Он работал беспрерывно. Не успевал закончить картину -- ему предлагали новую работу. И последнее время стал работать со сценариями, которые ему не очень нравились. А раньше был очень требователен, любил и чувствовал слово. В первых его картинах каждая фраза становилась афоризмом. Не могу сказать, что я его любила. Но ценила безмерно. Я понимала, что это уникальный человек. Единственный в своем роде. Так, как он, -- не может никто.

А любить… Я люблю борщ. Или когда идет снег. Это слово я не хочу произносить. Оно никак не вмещает всего… Это было другое. Такое щемящее чувство.

Своя дача была его заветной мечтой. Леня очень полюбил землю. Может, из-за возраста. Он страшно любил сажать всякие растения.

В 70 лет у мужа началось воспаление легких. Его положили в больницу. Сначала было плохо -- в легких накапливалась жидкость. Потом он лучше стал себя чувствовать. Я бывала у него каждый день, даже ночевала -- он потел, и нужно было переодевать. И вот 19 ноября 1993 года. Стемнело. Он гнал меня:

-- Нина, сейчас криминальная обстановка -- поезжай домой.

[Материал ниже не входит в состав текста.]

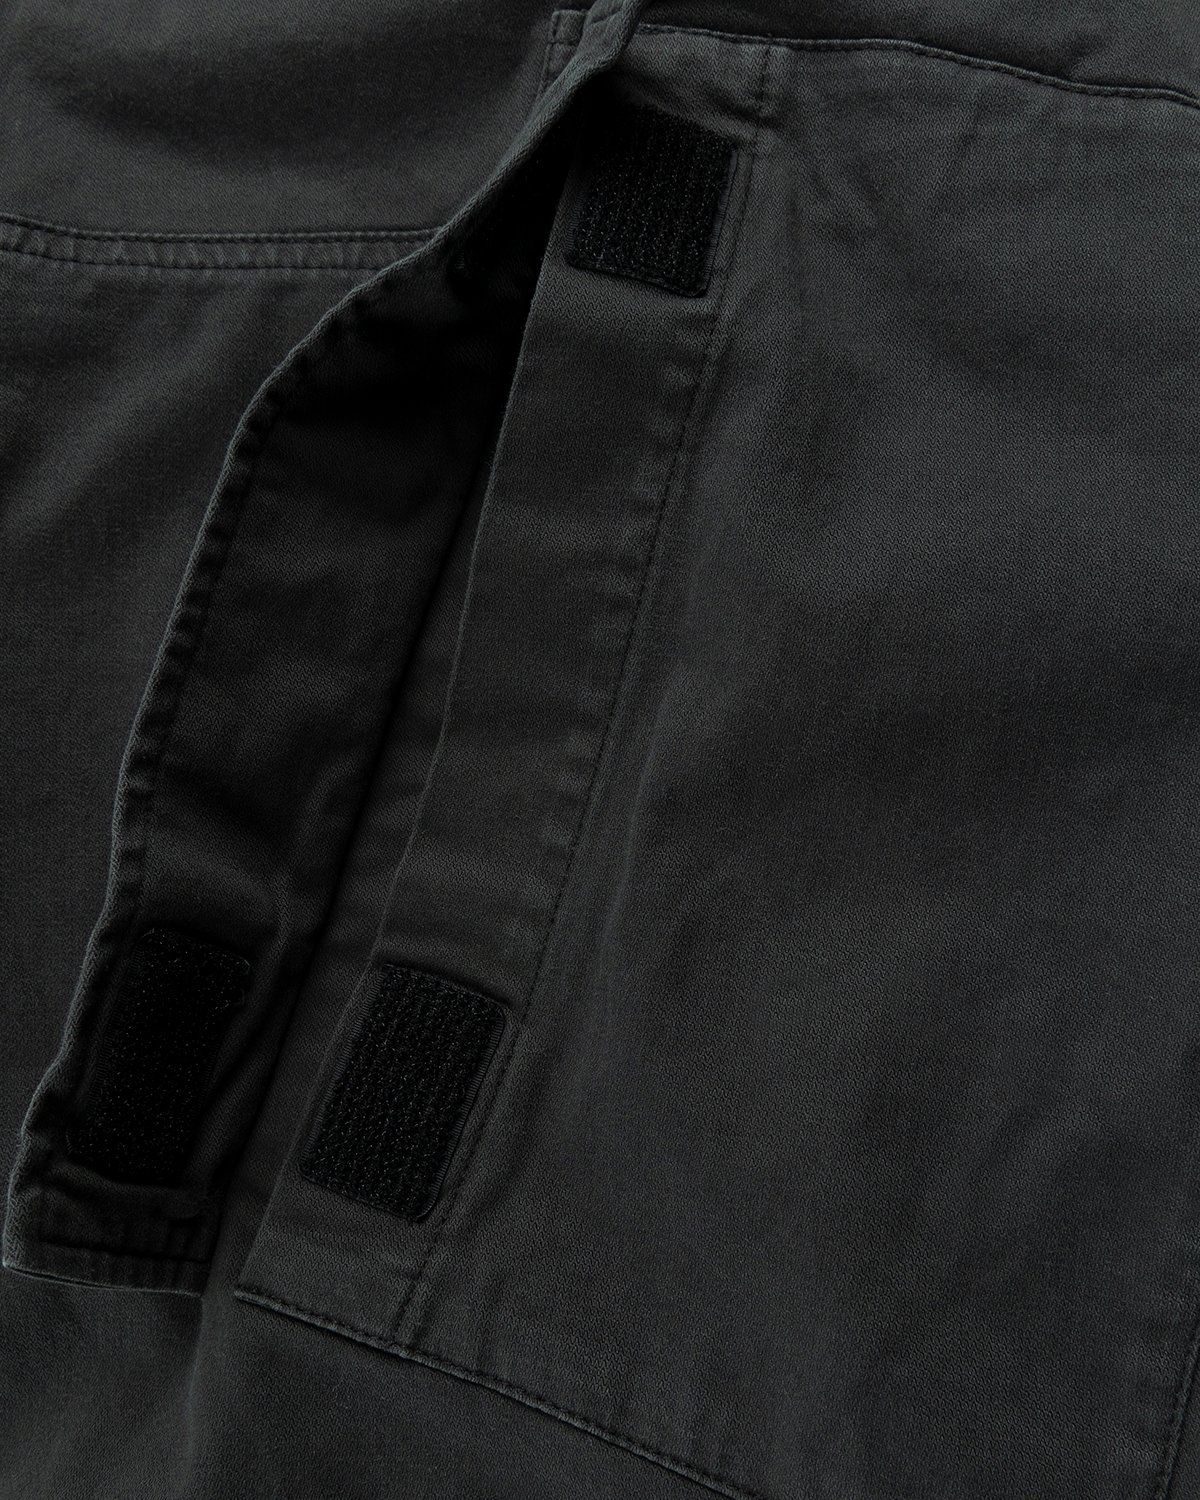 Acne Studios – Chevron Cargo Pants Anthracite Grey - Pants - Grey - Image 5
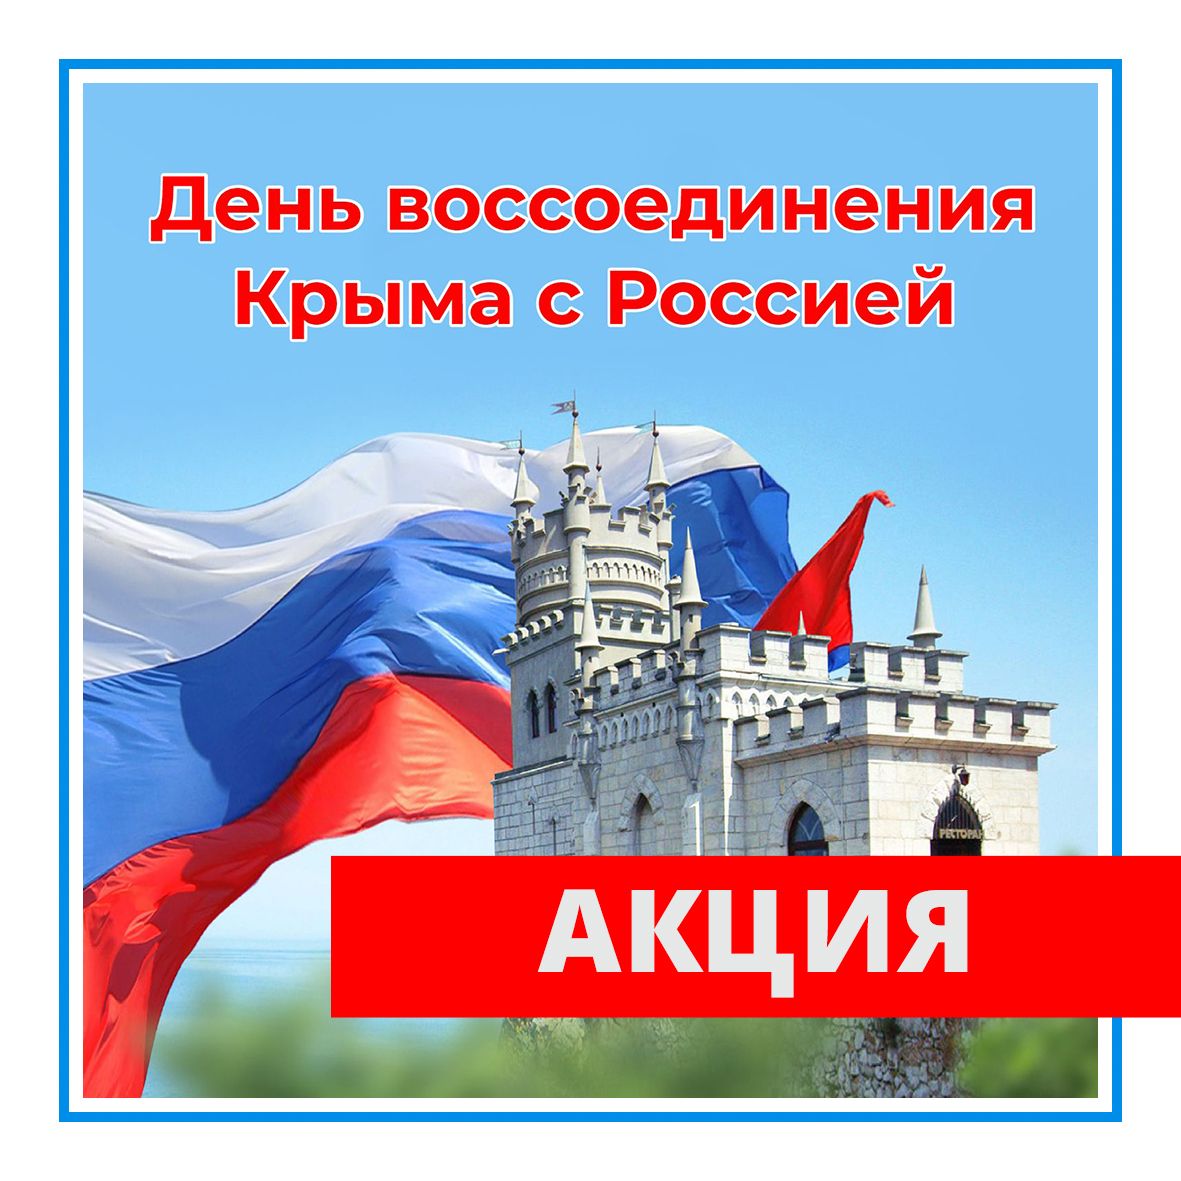 День воссоединения Крыма

-- Нет, Леня, я тебя накормлю и поеду.

Мы читали с ним газету «Шесть соток». Он спрашивает:

-- Слушай, а какая у нас на даче земля? Кислая или слабокислая?

-- Разная. Там, где грядки, у нас шикарная земля, я ее удобряла, а вообще, наверное, кислая, глина.

-- Я посадил чеснок, а снега нет. Промерзнет земля, и все погибнет.

-- Будет не озимый чеснок, а яровой.

-- Нет, жалко. Такие большие зубчики посадил…

Вздохнул -- и все. Прибежали врачи, надели маску… Все бесполезно. Он ушел. Тромбоэмболия легочной артерии -- оторвался тромб. Произошла закупорка, плюс сердечная аритмия. Оказывается, спасти его было невозможно. Какое счастье, что я была там и видела, что он не мучился, не просил, не звал. Что смерть пришла мгновенно. А потом, почти на сороковой день, меня в квартире залило кипятком сверху. Пришли ребята помочь… Я им говорю: «Это Леня-Водолей. Только понять не могу -- почему кипятком?»

… Он мне не снится. Но наступают такие моменты… Я его вижу и даже слышу, как он отвечает. Вот я лежу днем дома, отдыхаю. И слышу, как Леня пошел из своего кабинета. Вот закрыл дверь в спальню… Вот пошел поставить чайник -- сейчас тот закипит. И он спросит: «Нинок, чай пить будешь?»

Я прекрасно понимаю, что этого нет. Но я хочу, чтобы это было.